### WHAT IS NEEDED
Which lines run from the one containing "Transizione ecologica, quale" through the end of the data? Write them out exactly, with the pictures left out.

### GIVEN DATA
=====

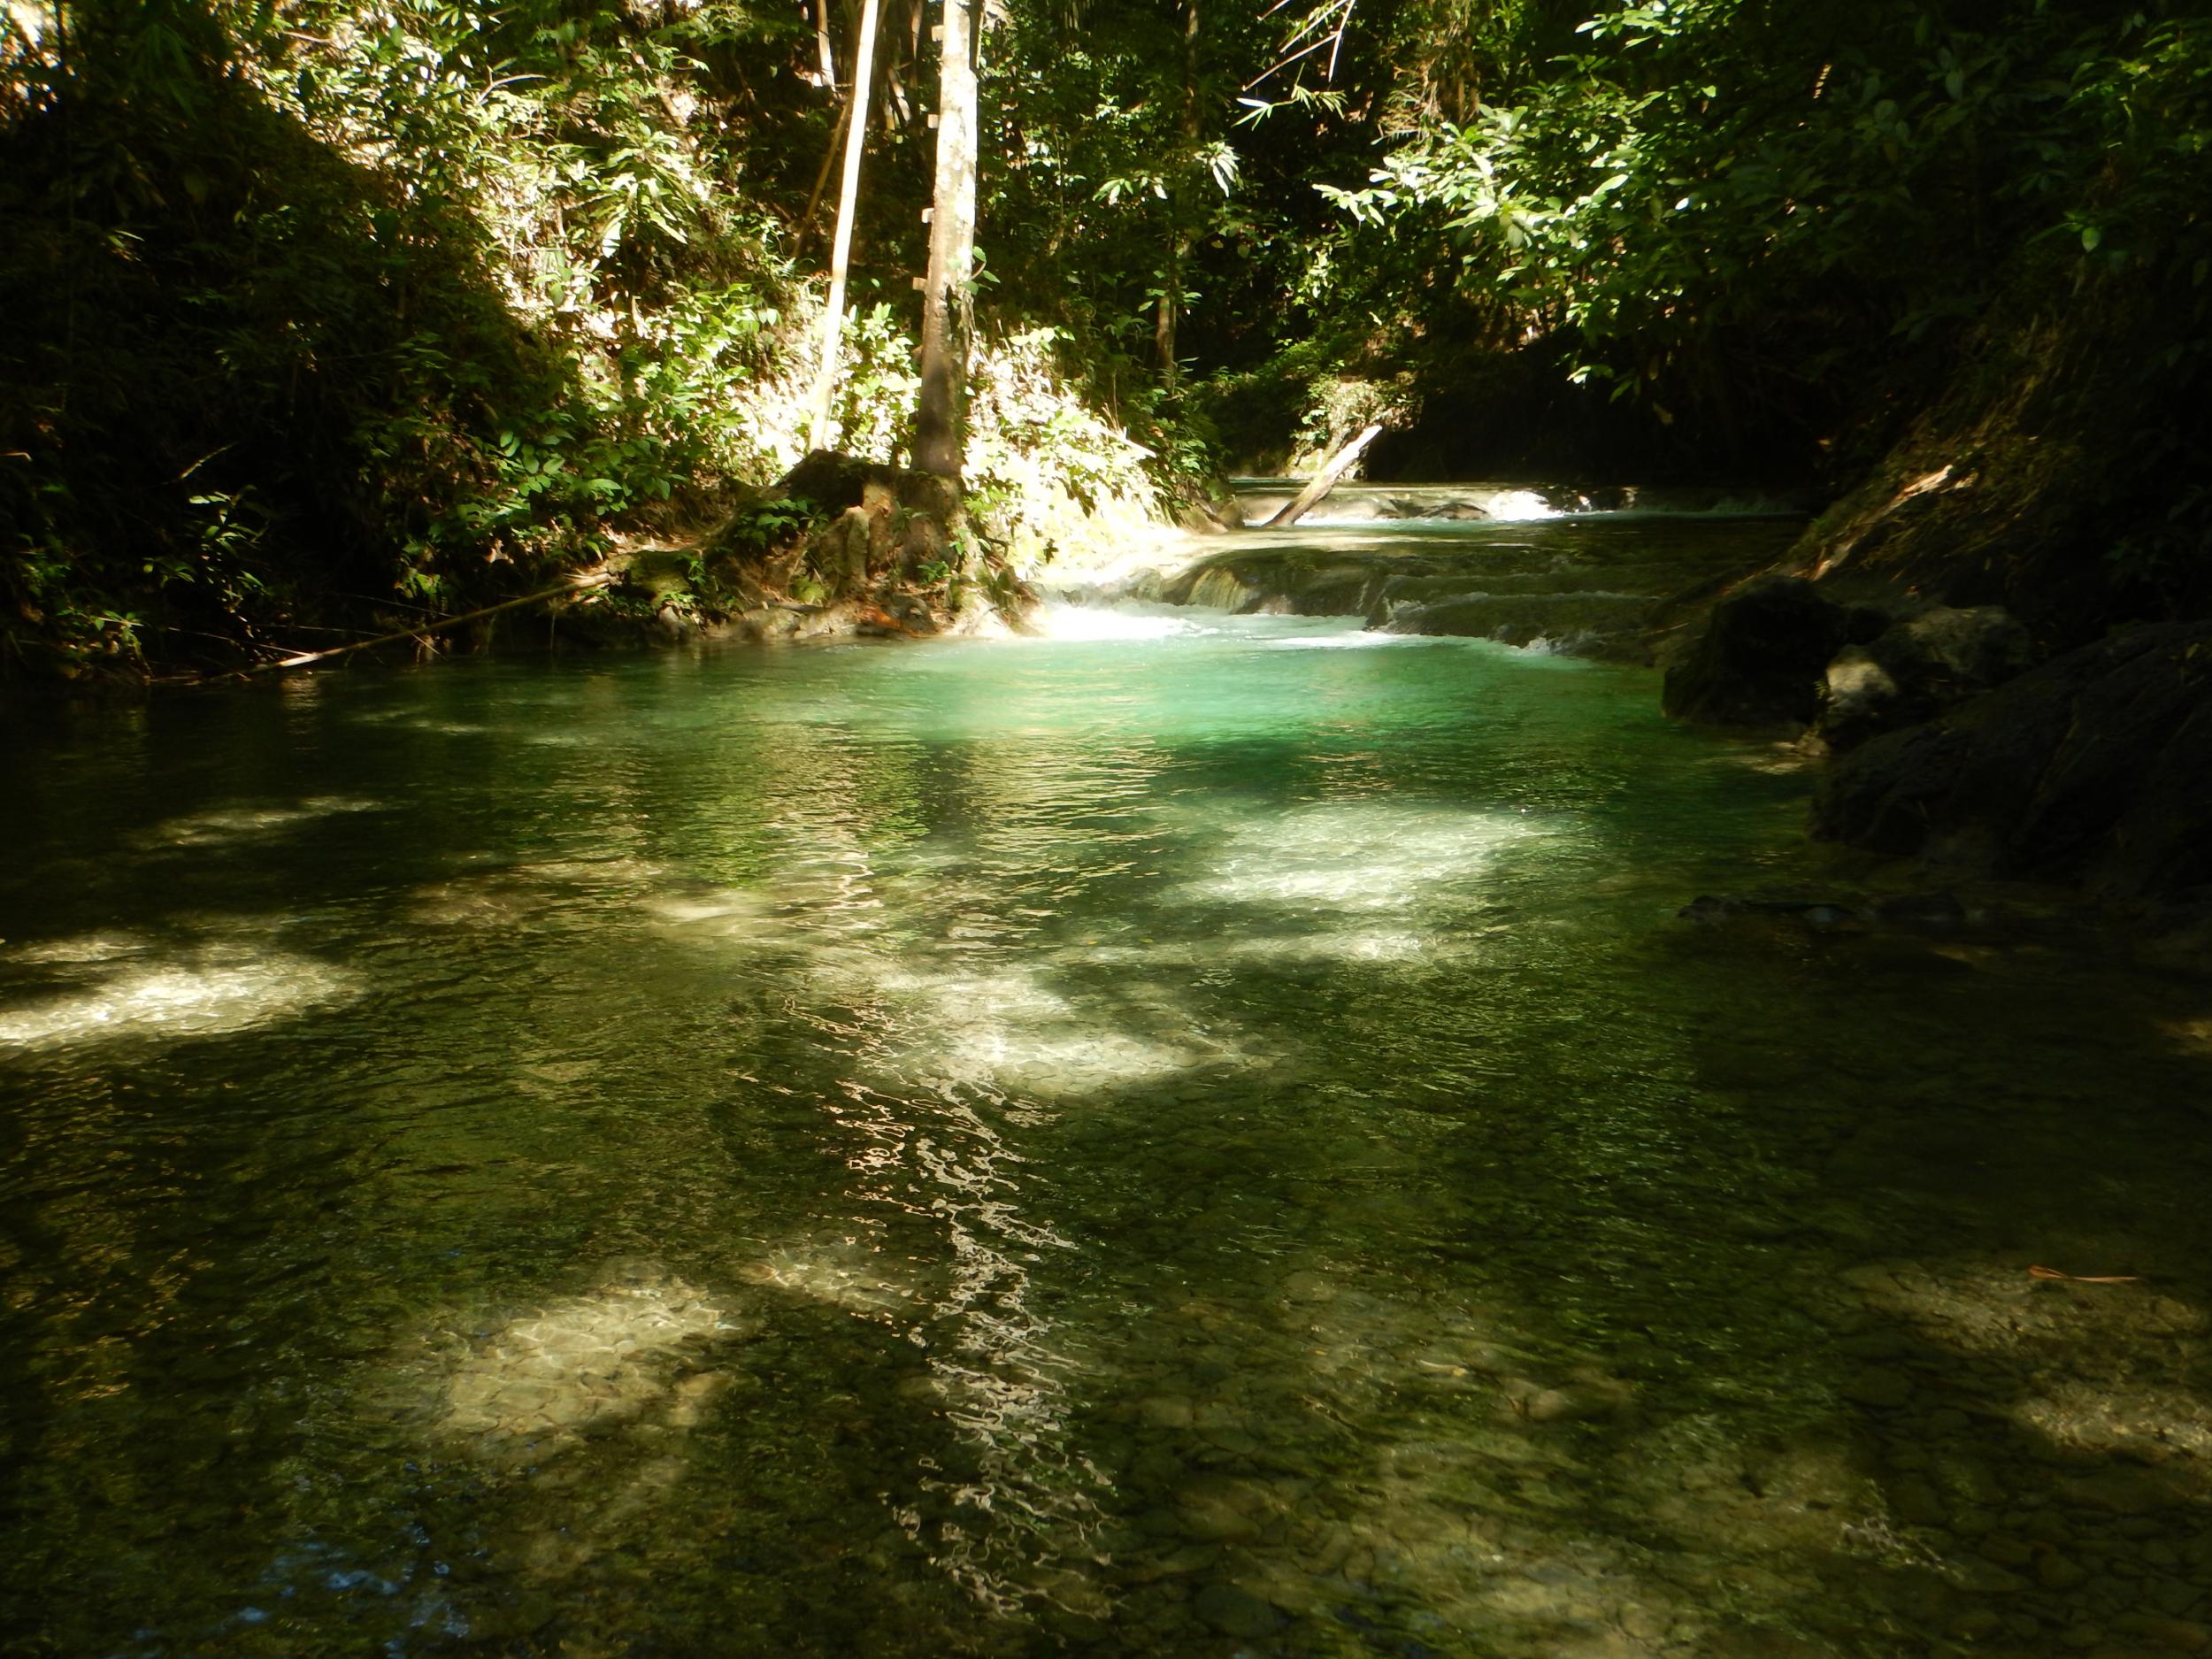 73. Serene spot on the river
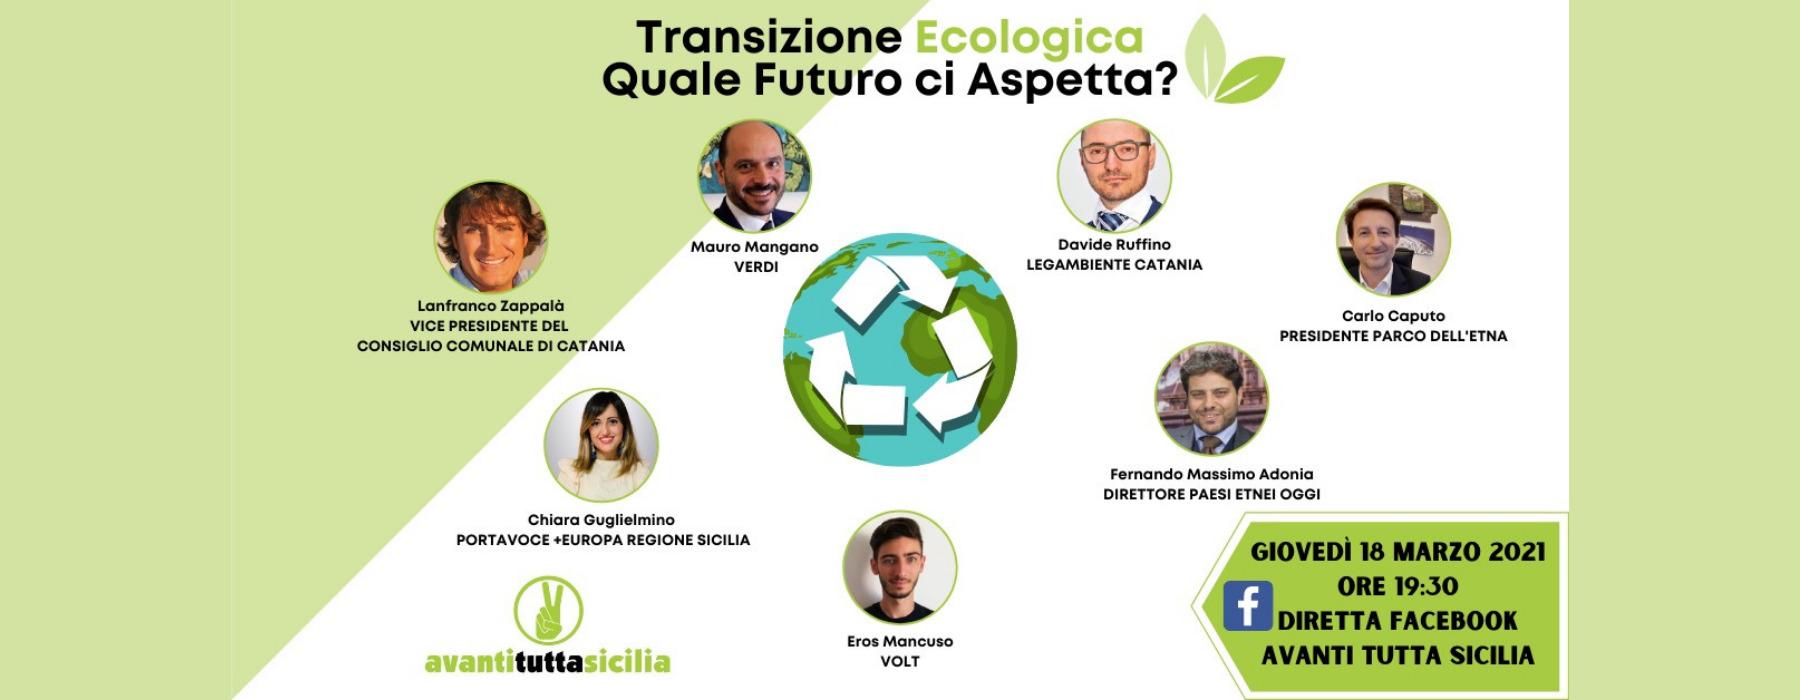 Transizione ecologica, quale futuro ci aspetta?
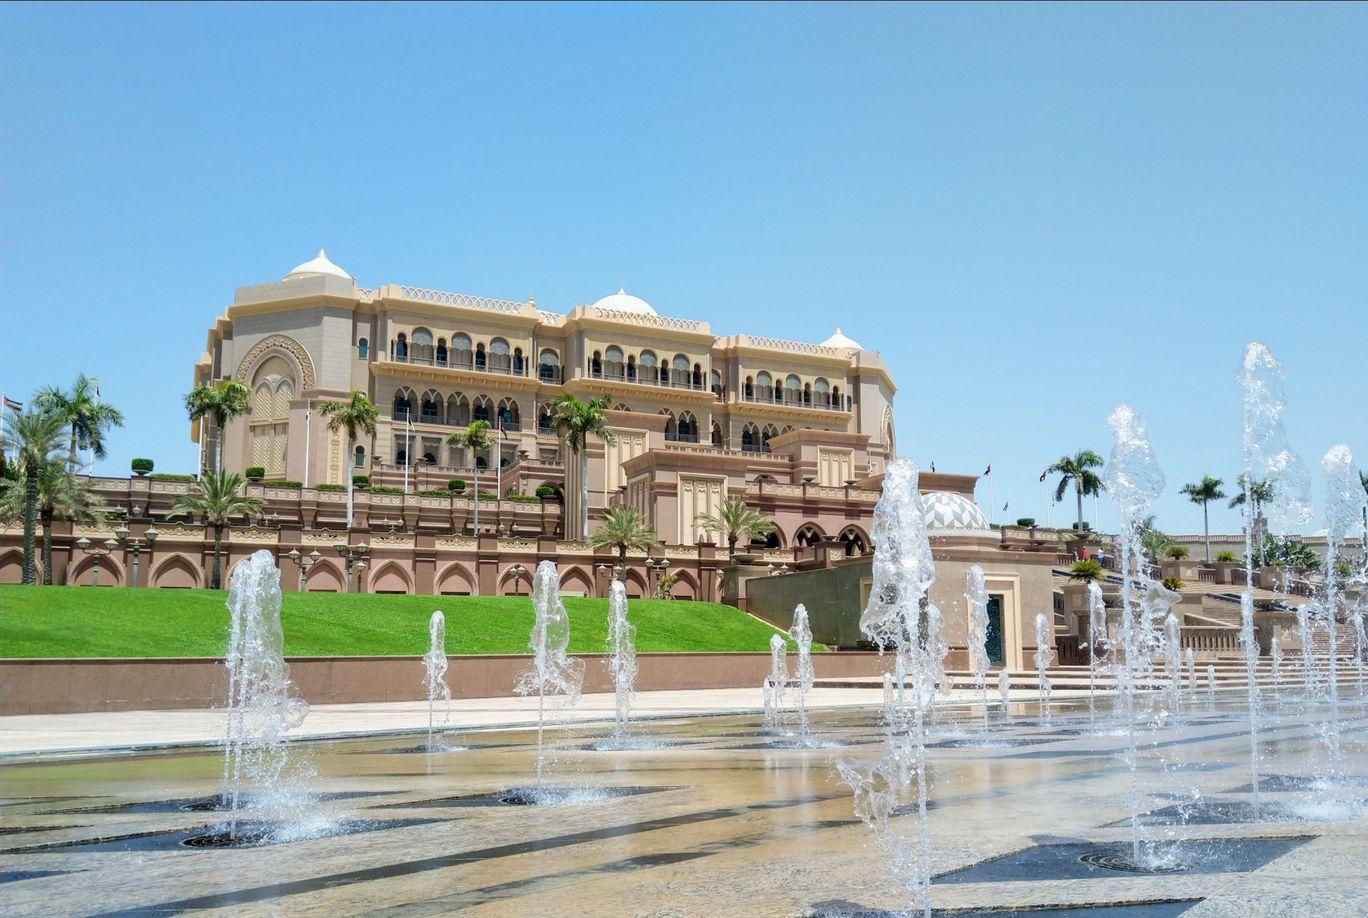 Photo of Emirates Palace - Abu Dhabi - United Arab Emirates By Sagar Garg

=====

### RESPONSE TO THIS TASK
 Transizione ecologica, quale futuro ci aspetta?
 Photo of Emirates Palace - Abu Dhabi - United Arab Emirates By Sagar Garg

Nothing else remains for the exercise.